** Problem description **
Transcribe the data as written, minus images.

[[ Data block, beginning ]]

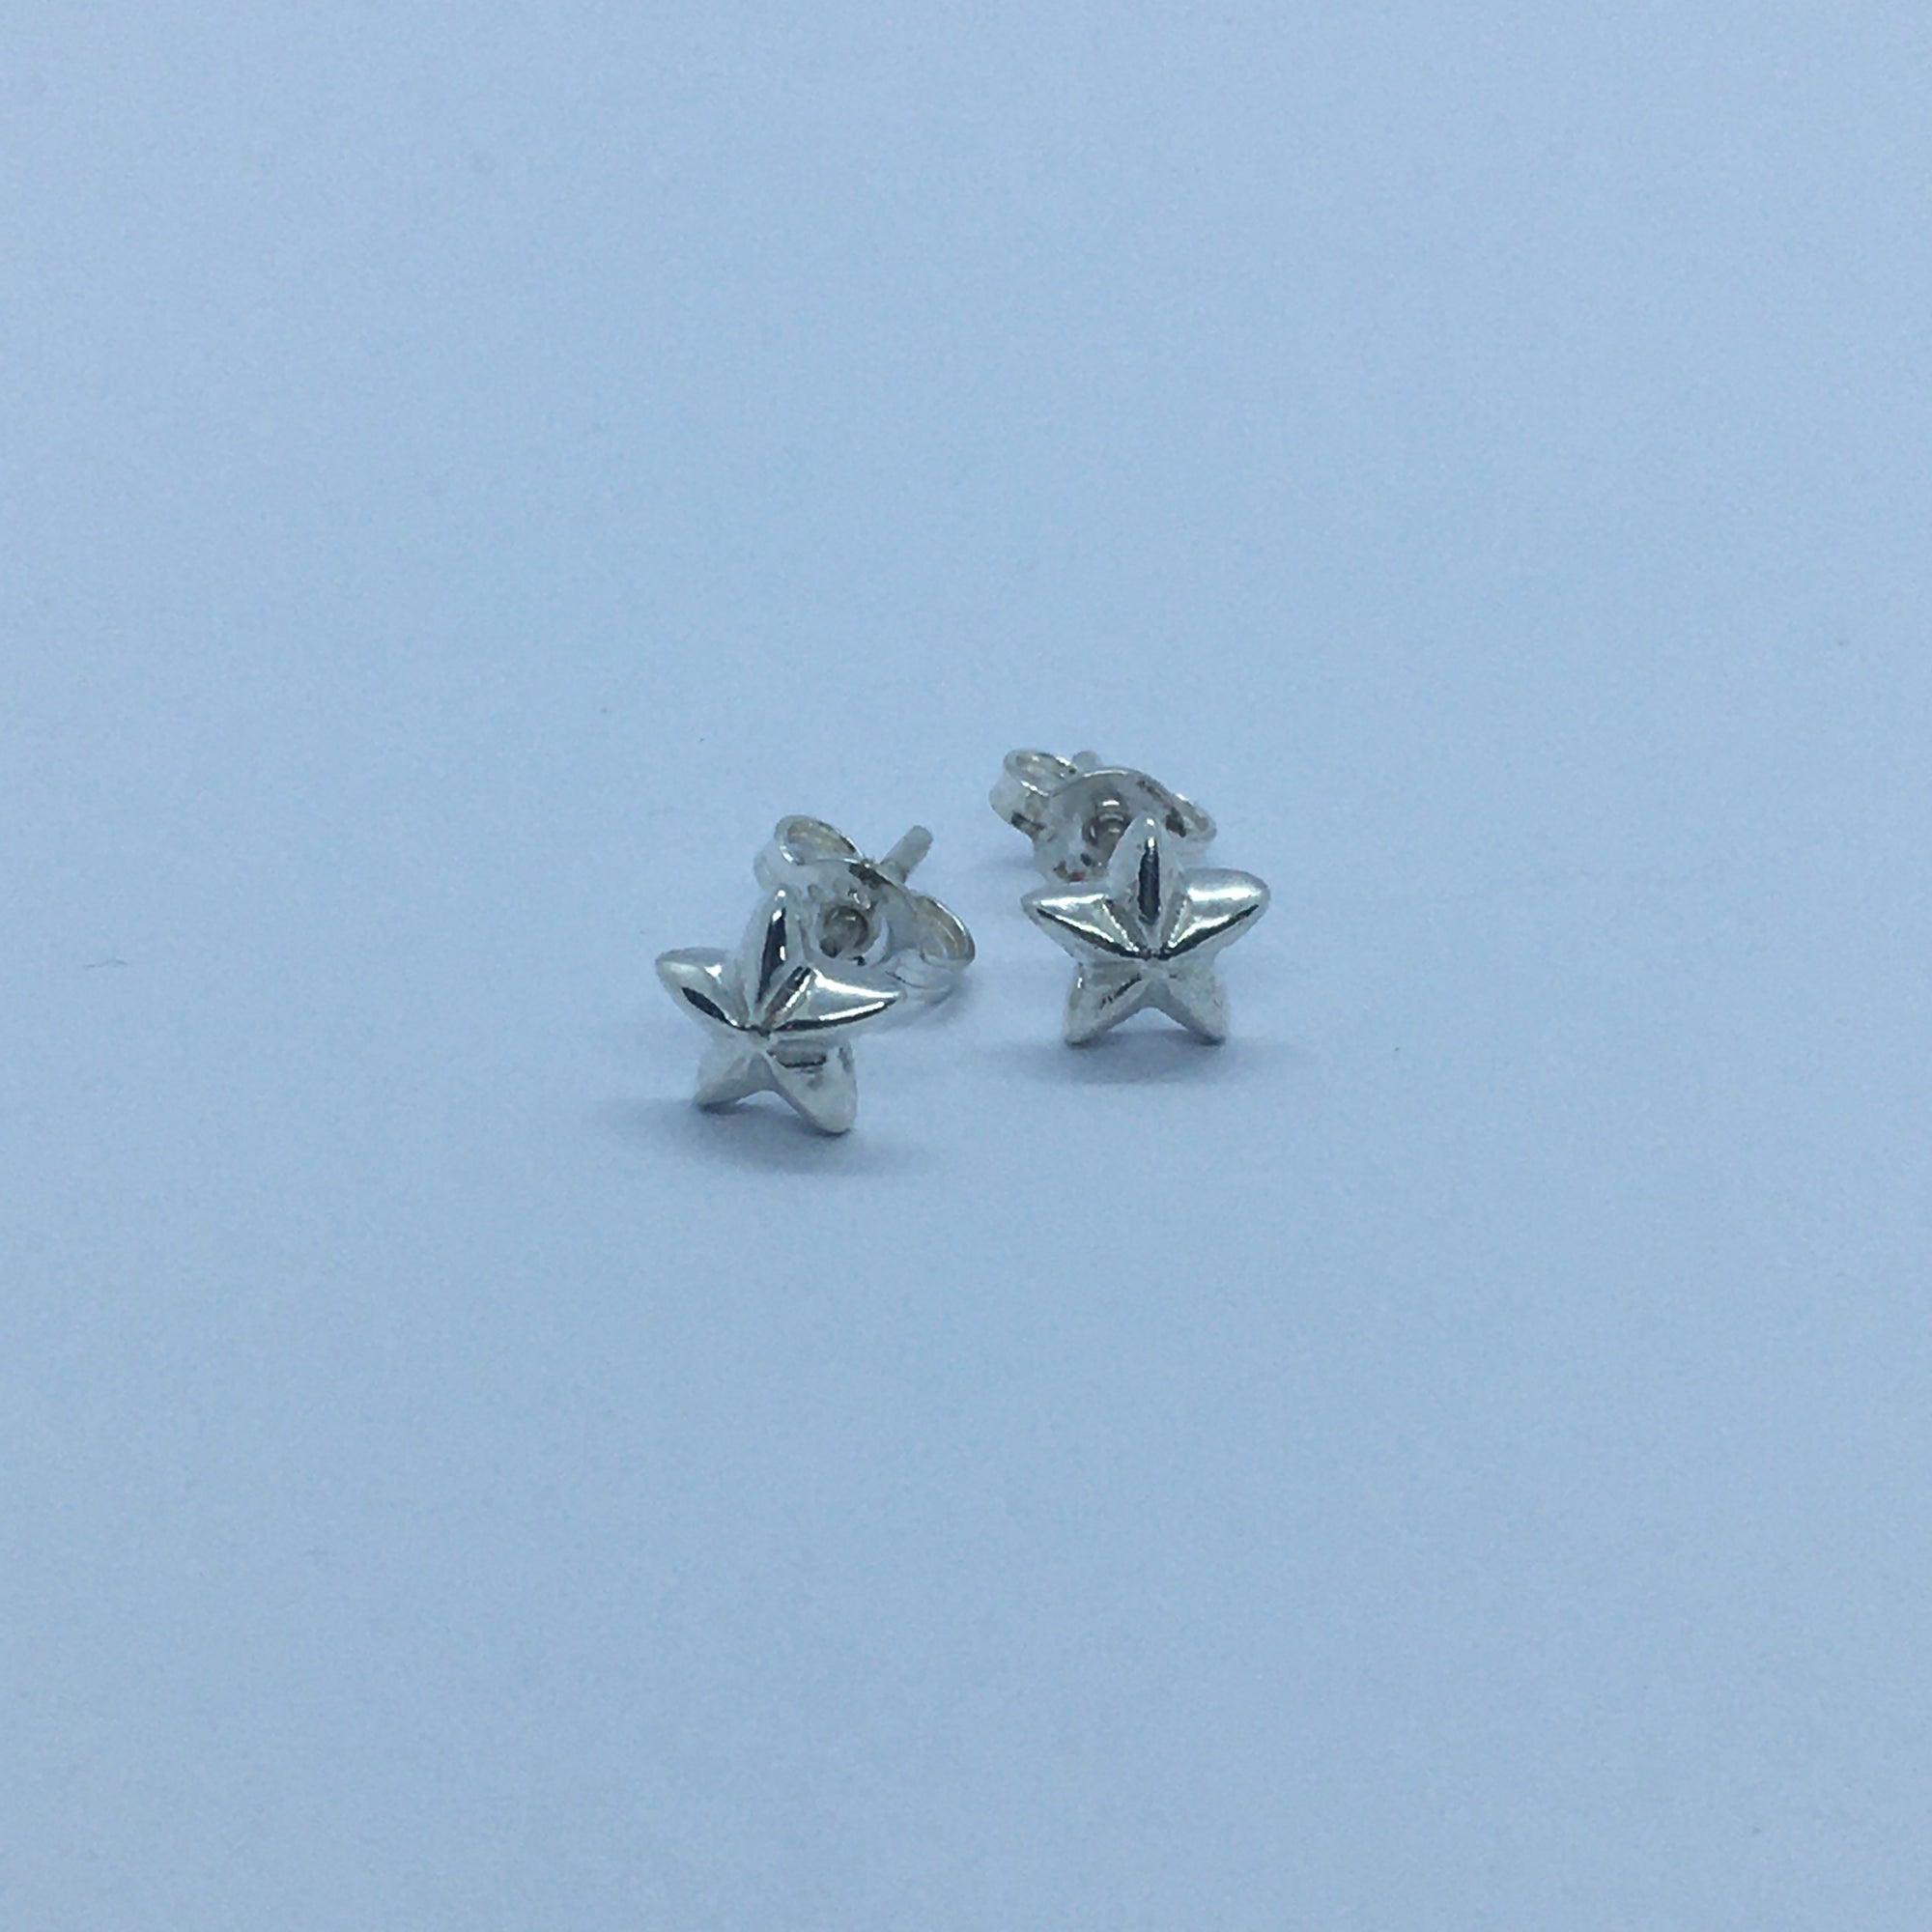 Star Stud Earrings - Silver
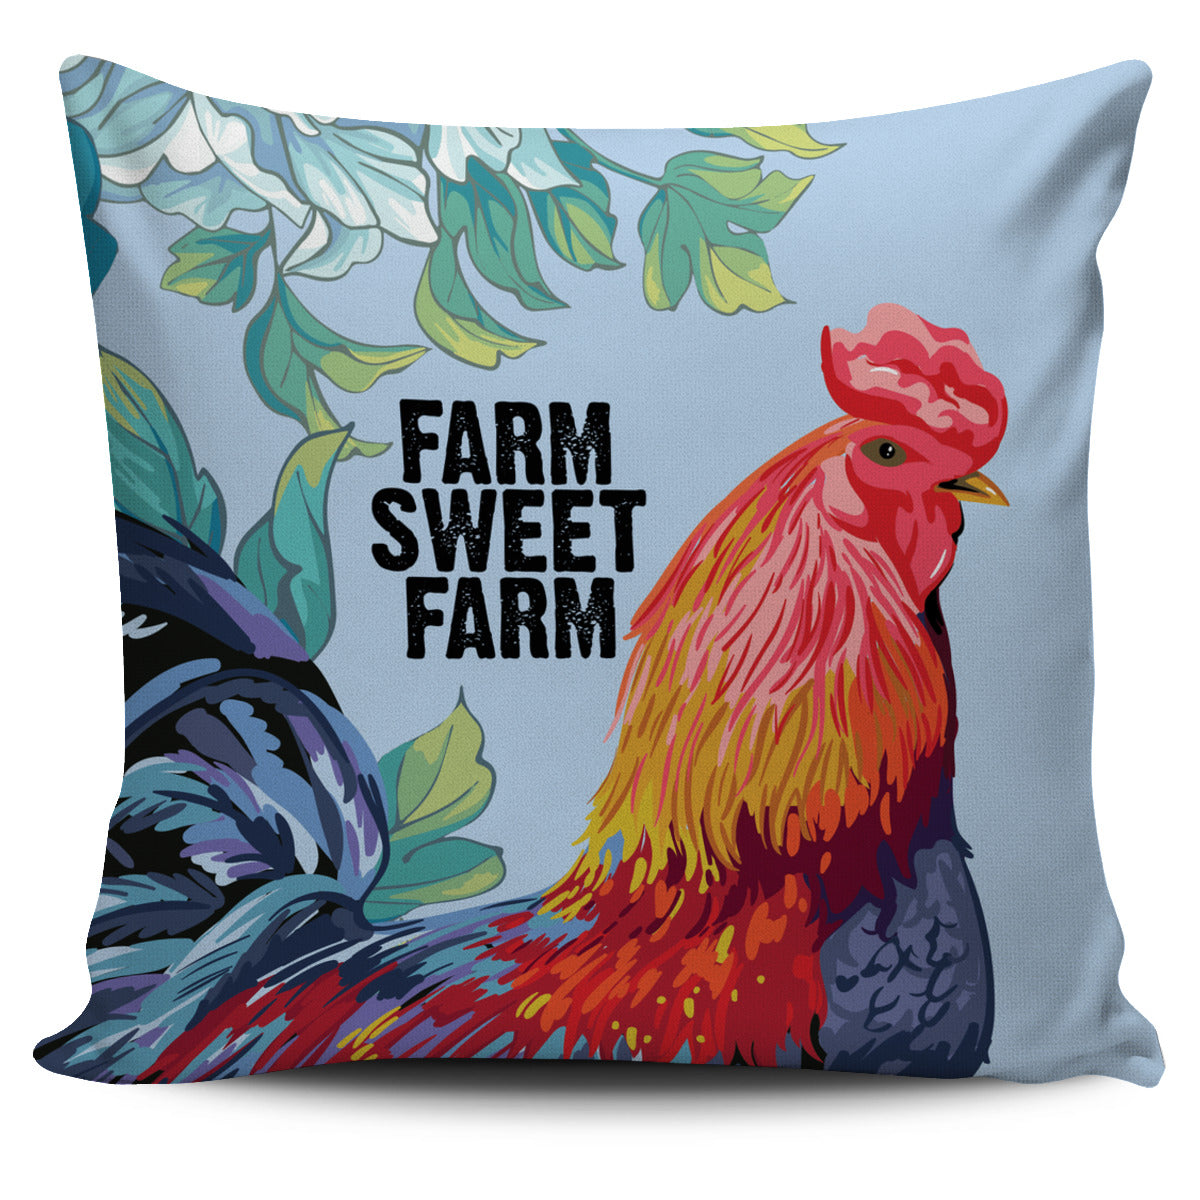 Farm Sweet Farm Pillow Cover
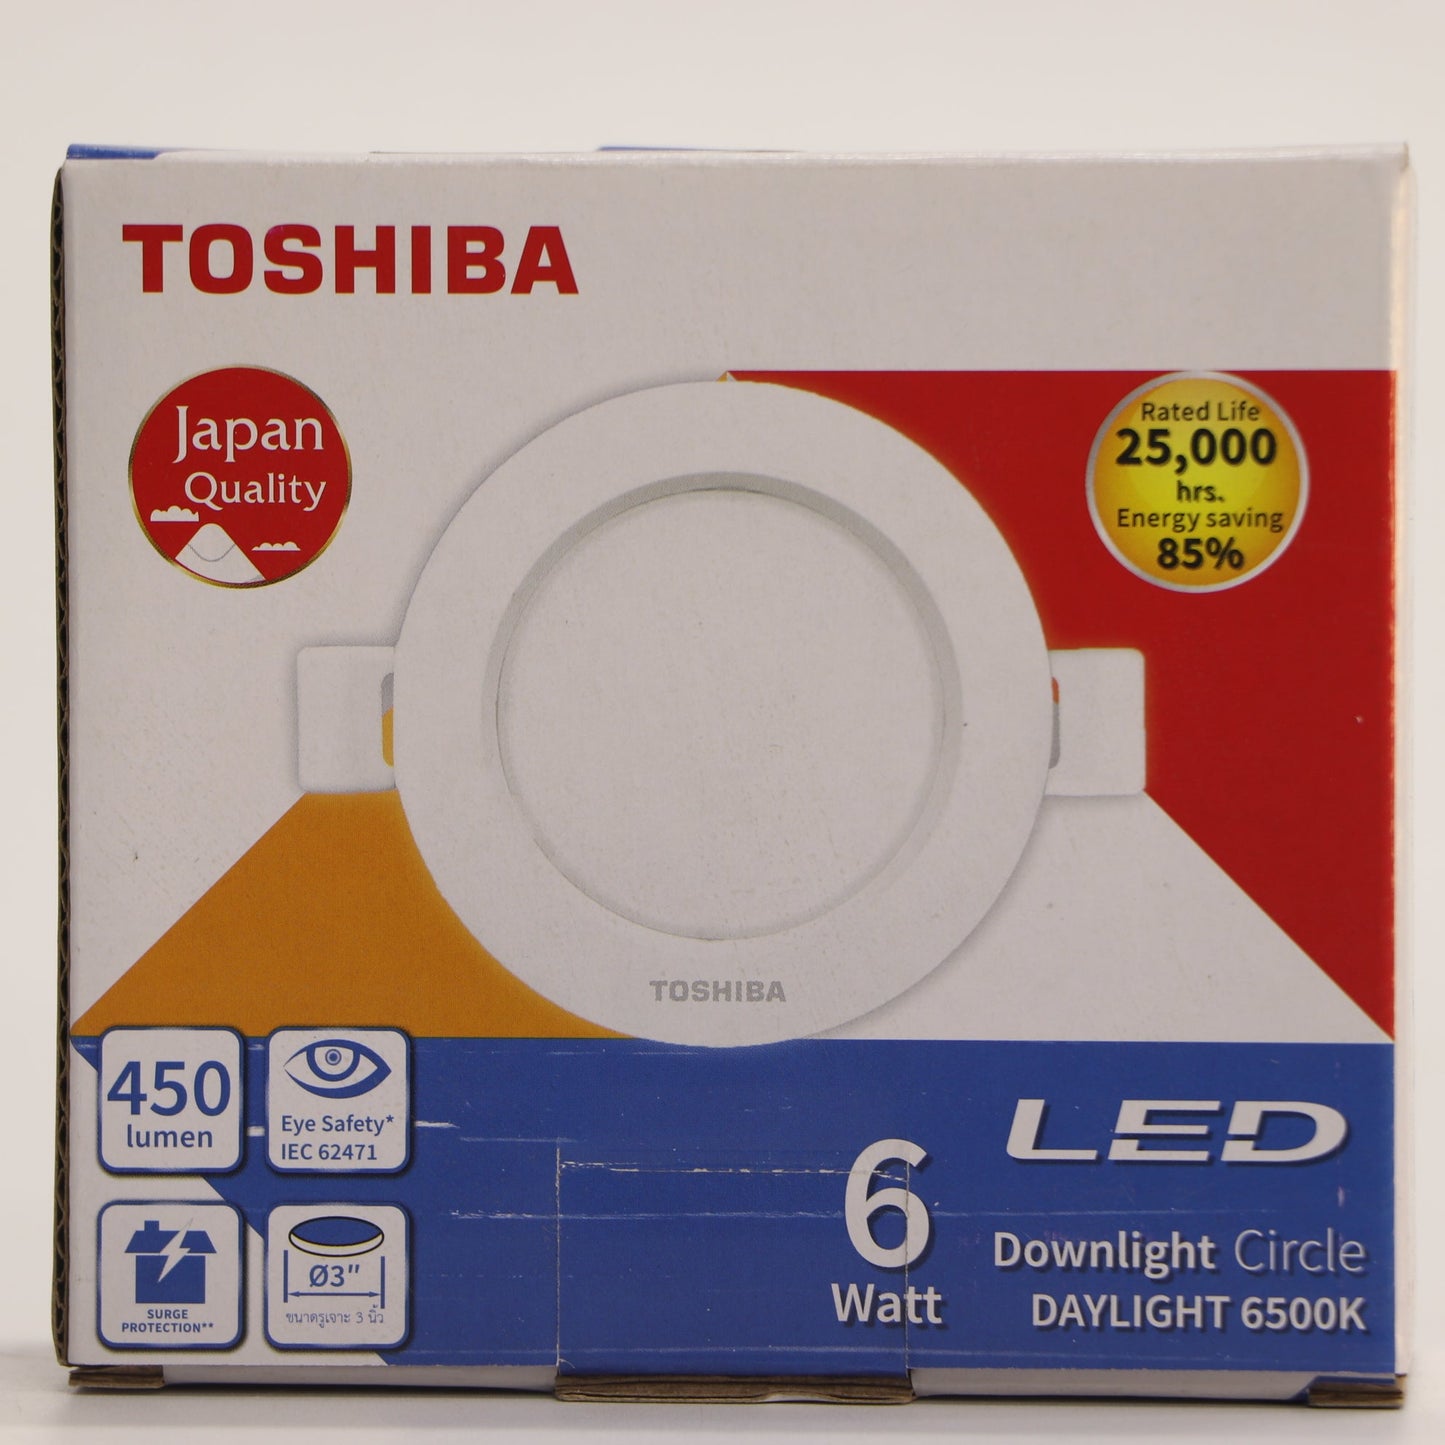 អំពូលបង្កប់ពិតានមូល LED-TOSHIBA-6W ពណ៌ស

[[ Data block, end ]]

** Task response **
 Star Stud Earrings - Silver
 Farm Sweet Farm Pillow Cover
 អំពូលបង្កប់ពិតានមូល LED-TOSHIBA-6W ពណ៌ស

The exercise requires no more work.